There are some basic statistics about the final assembly created.

What is the Assembly output?

If we use ls in the assembly directory we can see the that Flye has created many different files.

00-assembly   20-repeat     40-polishing    assembly_graph.gfa  assembly_info.txt  params.json
10-consensus  30-contigger  assembly.fasta  assembly_graph.gv   flye.log

One of these is flye.log which we have already looked at.

You can see more about the output for Flye in the documentation on GitHub.

Contigs vs. reads

We have seen reads in the raw sequencing data - these are our individual jigsaw pieces.

Contigs (from the word contiguous) are longer fragments of DNA produced after raw reads are joined together by the assembly process. These are like the chunks of the jigsaw puzzle the assembler has managed to complete. Contigs are usually much longer than raw reads but vary in length and number depending on how successful the assembly has been.

Assembly Statistics

Flye gave us basic statistics about the size of the assembly but not all assemblers do. We can use Seqkit to calculate summary statistics from the assembly. We previously used another Seqkit command, seq to Filter our Nanopore sequences by quality. This time we will use the command stats.
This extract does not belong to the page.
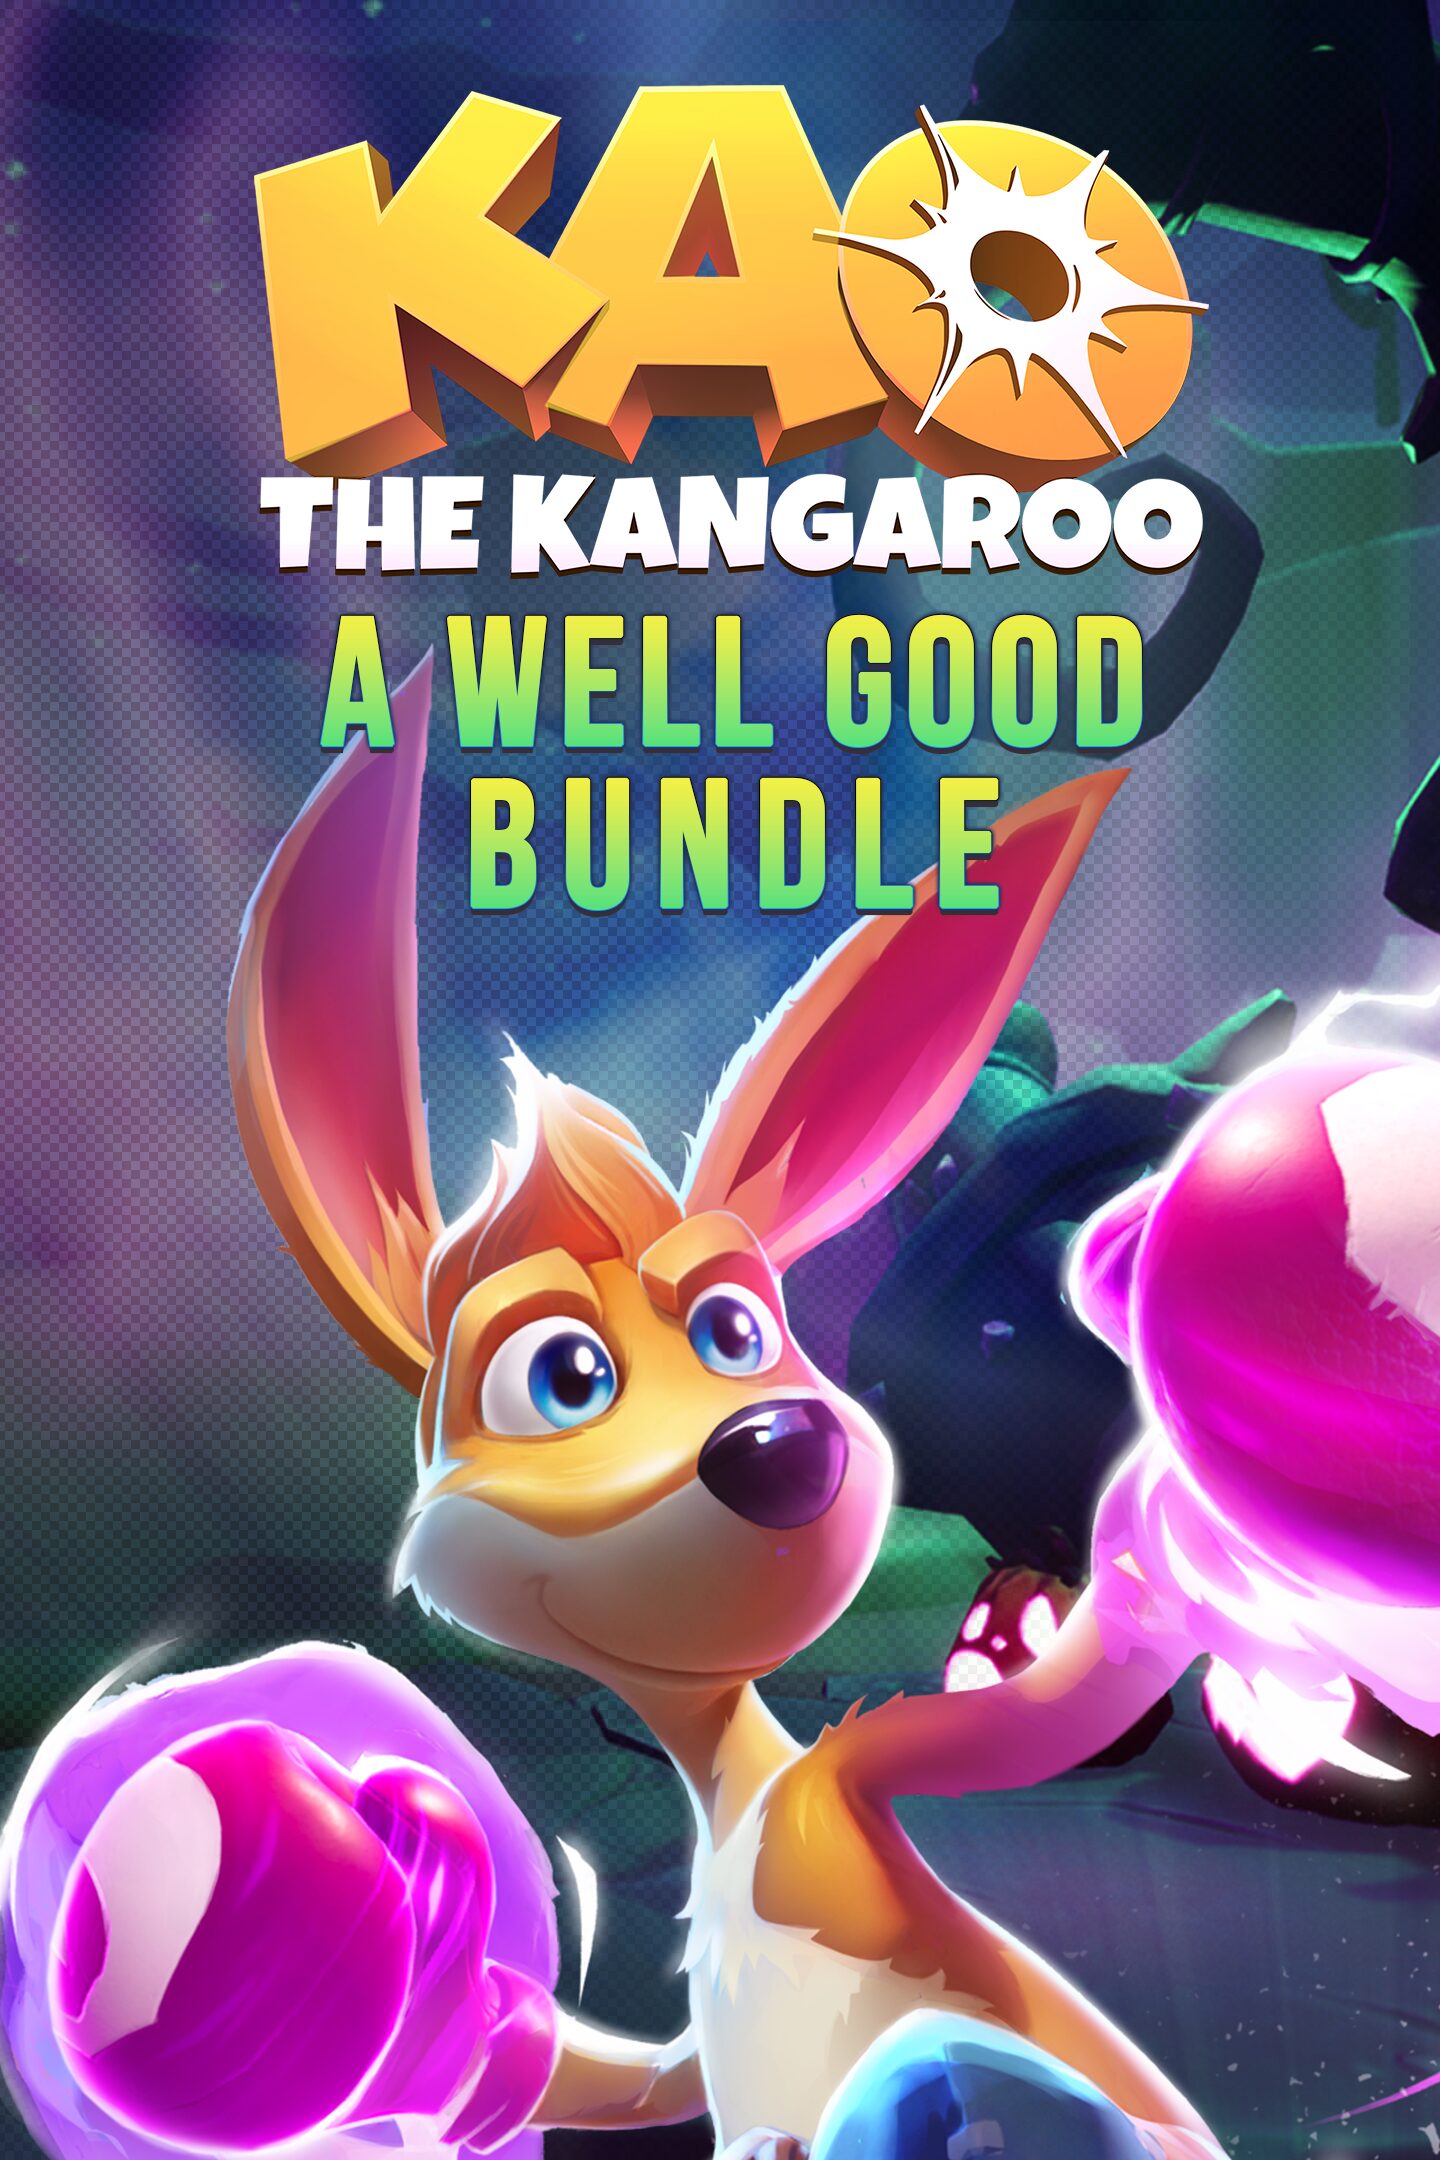 Kao the Kangaroo A Well Bundle Good

Make sure you are in the assembly folder then run seqkit stats on assembly.fasta:

cd ~/cs_course/analysis/assembly/
seqkit stats assembly.fasta

SeqKit is fast so we have run the command in the terminal foreground. It should take just a couple of seconds to process this assembly. Assemblies with more sequencing data can take a bit longer.

Once it has finished you should see an output table like this:

file            format  type  num_seqs     sum_len  min_len   avg_len  max_len
assembly.fasta  FASTA   DNA      790    11,957,486      511  15,136.1    95,862

This table shows the input file, the format of the file, the type of sequence and other statistics. The assembly process introduces small random variations in the assemly so your table will likely differ slightly. However, you should expect the numbers to be very similar.

Using this table of statistics, answer the questions below.

Exercise 1: Looking at basic statistics

Using the output for seqkit stats above, answer the following questions.

a) How many contigs are in this assembly?
b) How many bases in total have been assembled?
c) What is the shortest and longest contig produced by this assembly?

Solution

From our table:
a) From num_seqs we can see that this assembly is made up of 790 contigs
b) Looking at sum_length we can see that the assembly is 11,957,486bp in total (over 11 million bp!)
c) From min_length we can see the shortest contig is 511p and from max_length the longest contig is 95,862bp

While you’re waiting for the assembly to finish here are some things you might want to read about:

Key Points

  • Assembly merges raw reads into contigs.

  • Flye can be used as a metagenomic assembler.

  • Certain statistics can be used to describe the quality of an assembly.